[Recorded data]
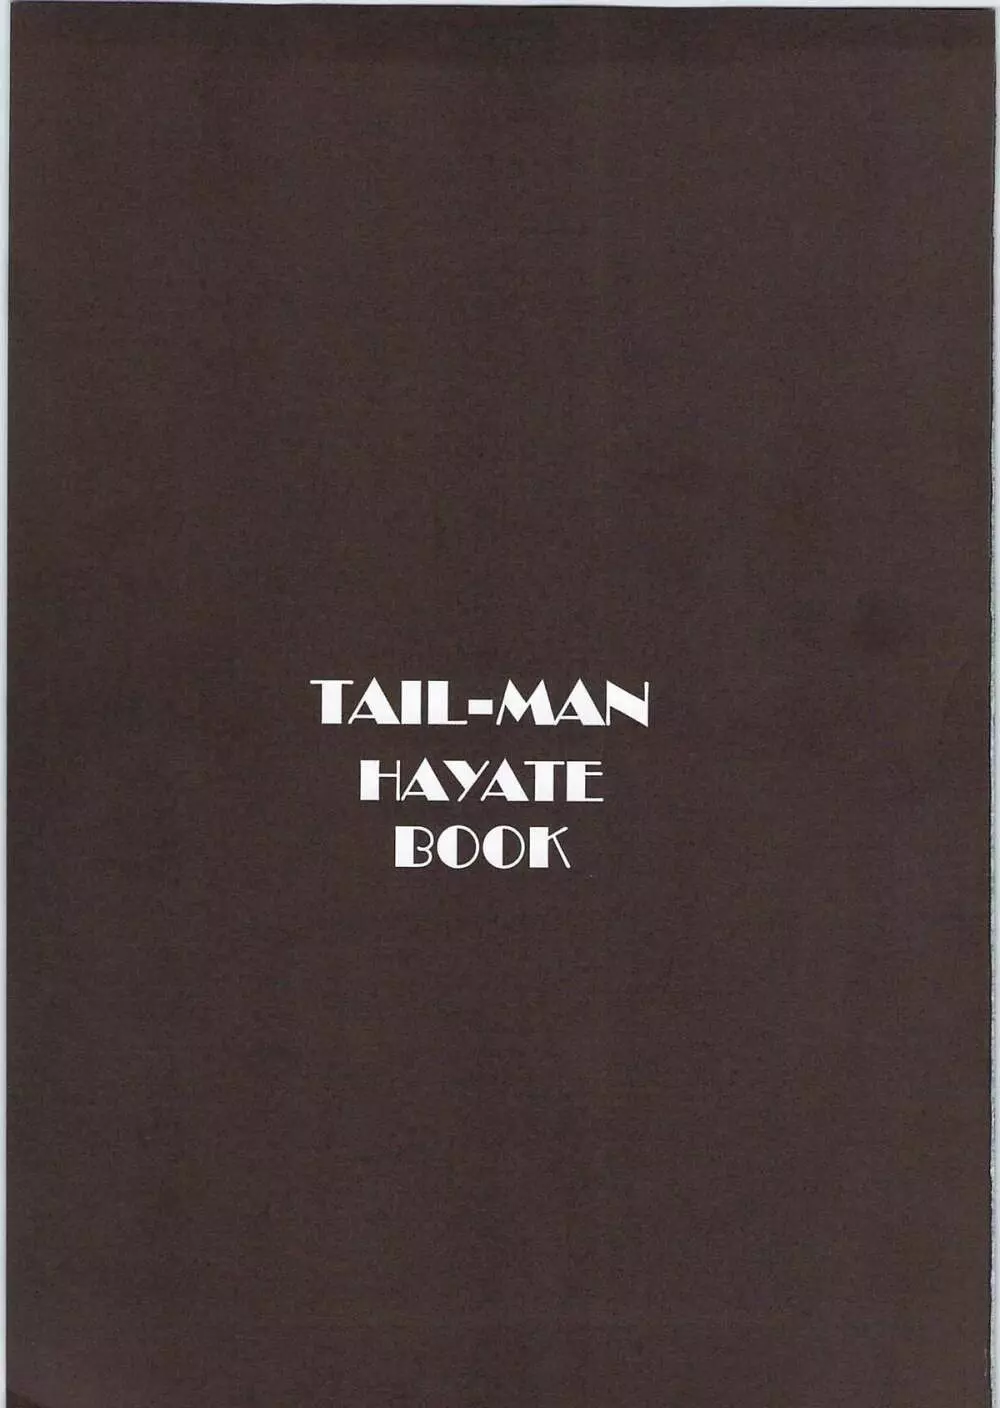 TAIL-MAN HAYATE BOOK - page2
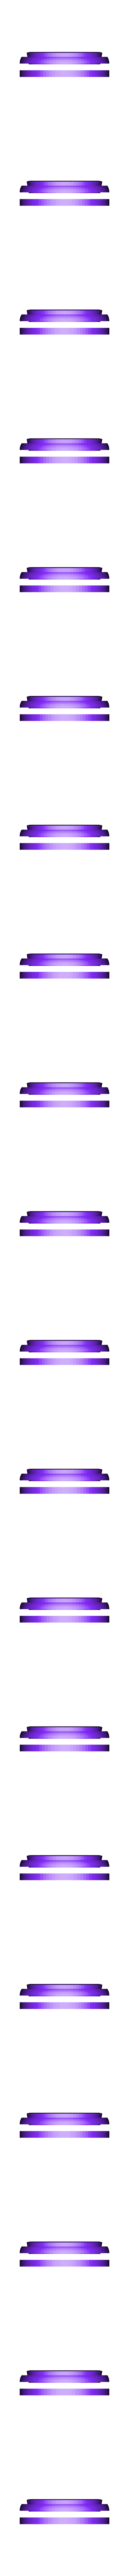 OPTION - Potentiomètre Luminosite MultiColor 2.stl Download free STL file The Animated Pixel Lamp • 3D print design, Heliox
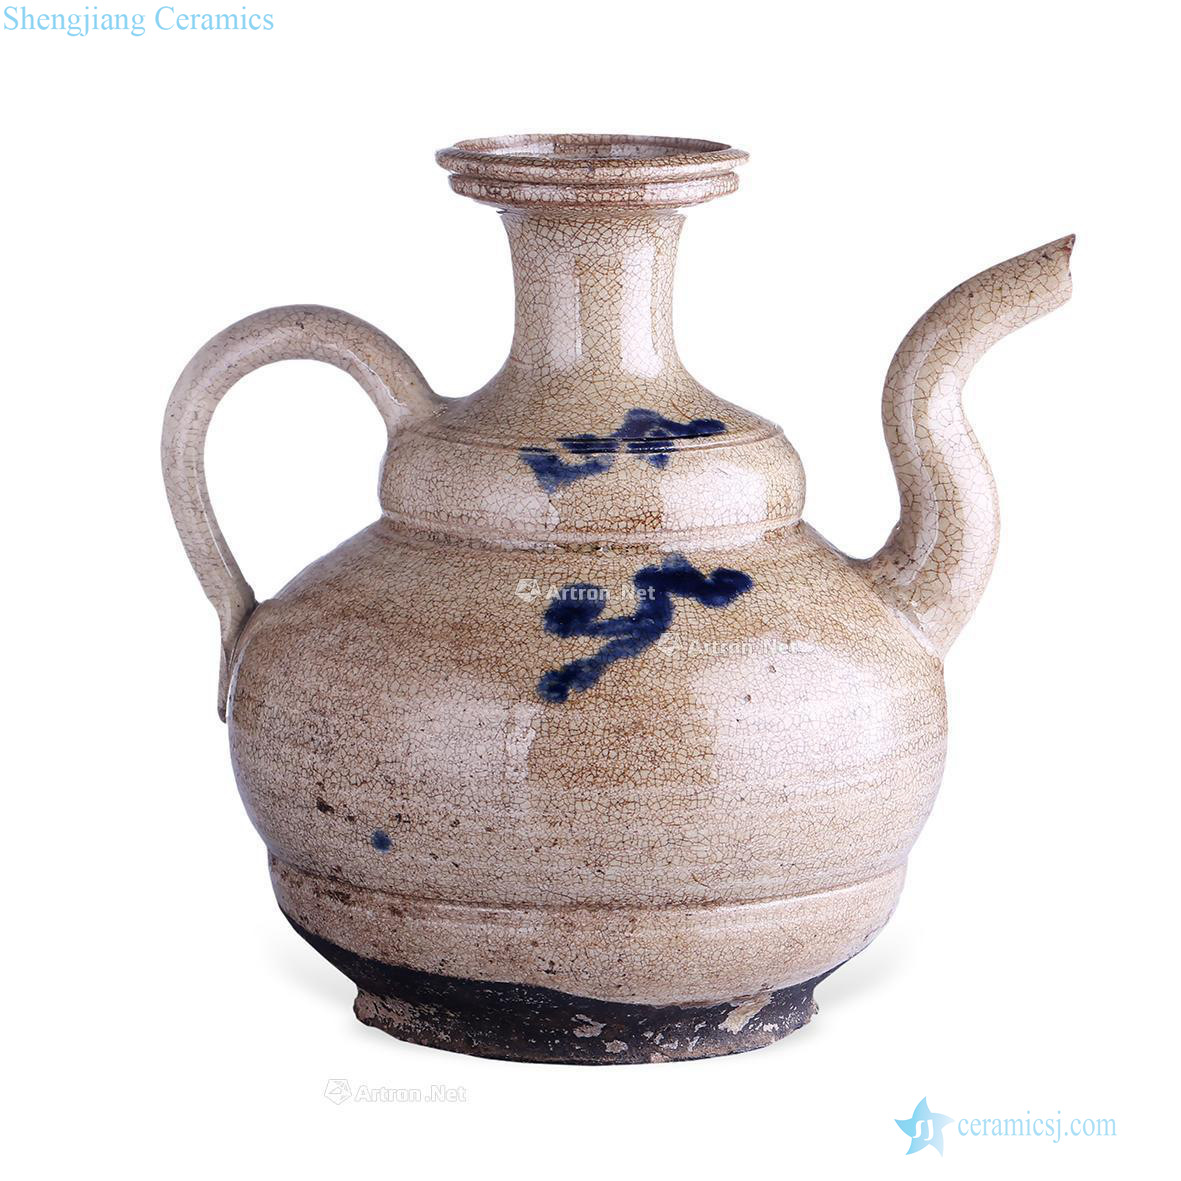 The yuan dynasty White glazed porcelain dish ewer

[Exercise aim] In your copy, include no pictures; print every line above exactly.

[Output of the task]
 TAIL-MAN HAYATE BOOK - page2
 OPTION - Potentiomètre Luminosite MultiColor 2.stl Download free STL file The Animated Pixel Lamp • 3D print design, Heliox
 The yuan dynasty White glazed porcelain dish ewer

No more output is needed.